Survey Data

Reg No

40400203


Rating

Regional


Categories of Special Interest

Architectural, Artistic


Original Use

Rectory/glebe/vicarage/curate's house


In Use As

House


Date

1825 - 1830


Coordinates

205724, 337715


Date Recorded

19/07/2012


Date Updated

--/--/--


Description

Detached L-plan three-bay two-storey over basement former glebe house, built 1827. Now used as private dwelling. Hipped slate roof with lead ridges, rendered chimneystacks with clay pots and cast-iron rainwater goods. Roughcast rendered lime-washed walls with string course above basement.

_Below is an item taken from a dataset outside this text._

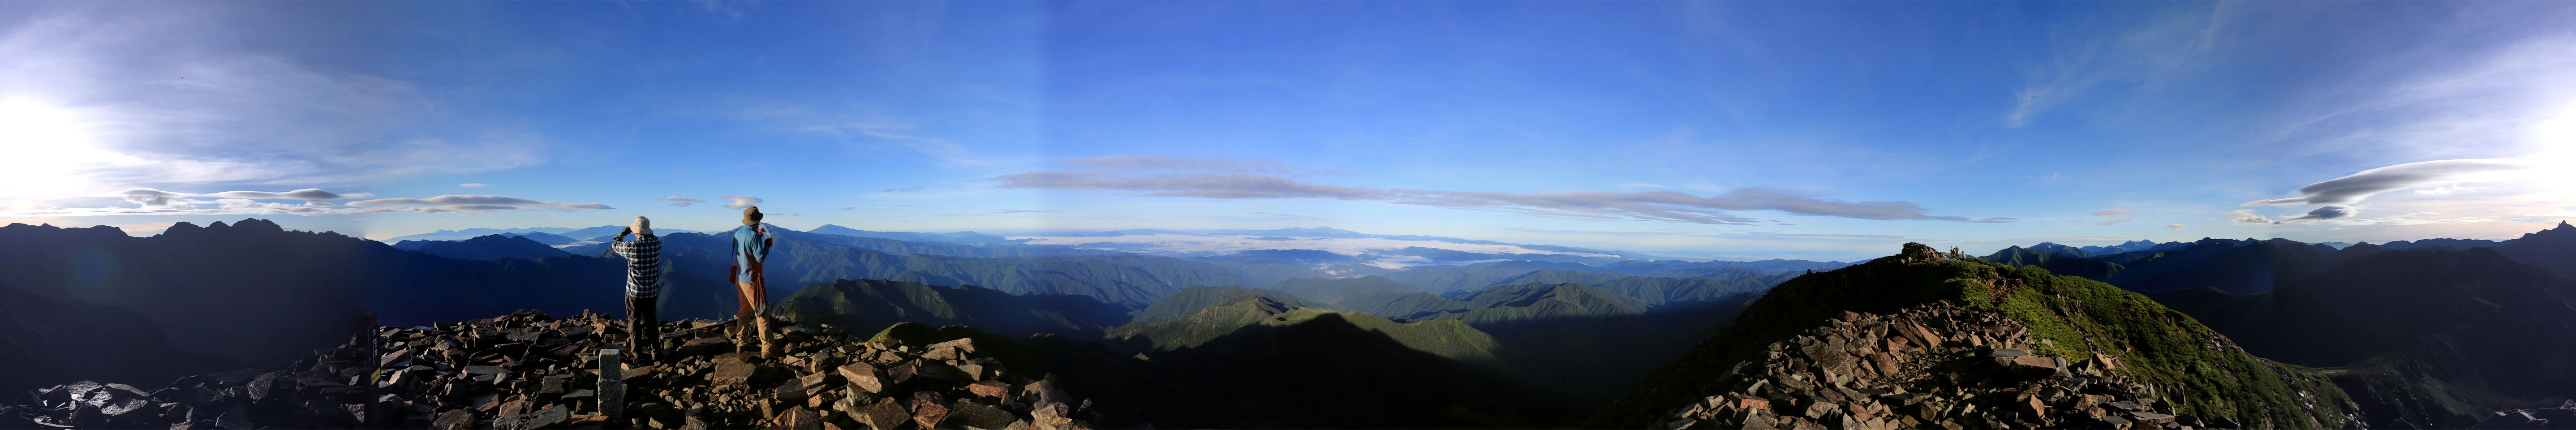 笠ヶ岳からのパノラマ写真

Three-over-six timber sash windows to first floor and six-over-six to ground floor all with stone sills and timber internal window shutters. Front door set in smooth-rendered segmental-arched recess, having four-panelled door in classical surround of slender Doric pilasters, metope frieze and cobweb fanlight above. Basement well to east, north and west side. Stone steps leading to entrance with recent metal railings. Rendered walls to west and south enclosing yard with recent gates to south and east. Detached five-bay two-storey outbuilding to south of yard having hipped slate roof with hip-ends carried down over lean-tos, clay ridge tiles and cast-iron rainwater goods. Roughcast render on rubble stone walls. Square-headed openings to both levels in central bay with timber sheeted doors, flanked by ventilation slits over segmental-arches forming wall recess with lattice window to south and door opening to north. Recent rendered piers and metal railings to entrance.

Appraisal

A former glebe house of late Georgian date built with funding from the Board of First Fruits that retains many historic materials and features and is a fine example of the high quality housing built by the Church of Ireland for its clergy in the nineteenth century. The house presents an elegant well proportioned elevation with historic windows and a well composed doorcase, set in mature grounds. The outbuilding to the south has a fine symmetrical elevation facing towards the house. The drive was shortened in the late nineteenth century with the introduction of a railway line that is now the main road.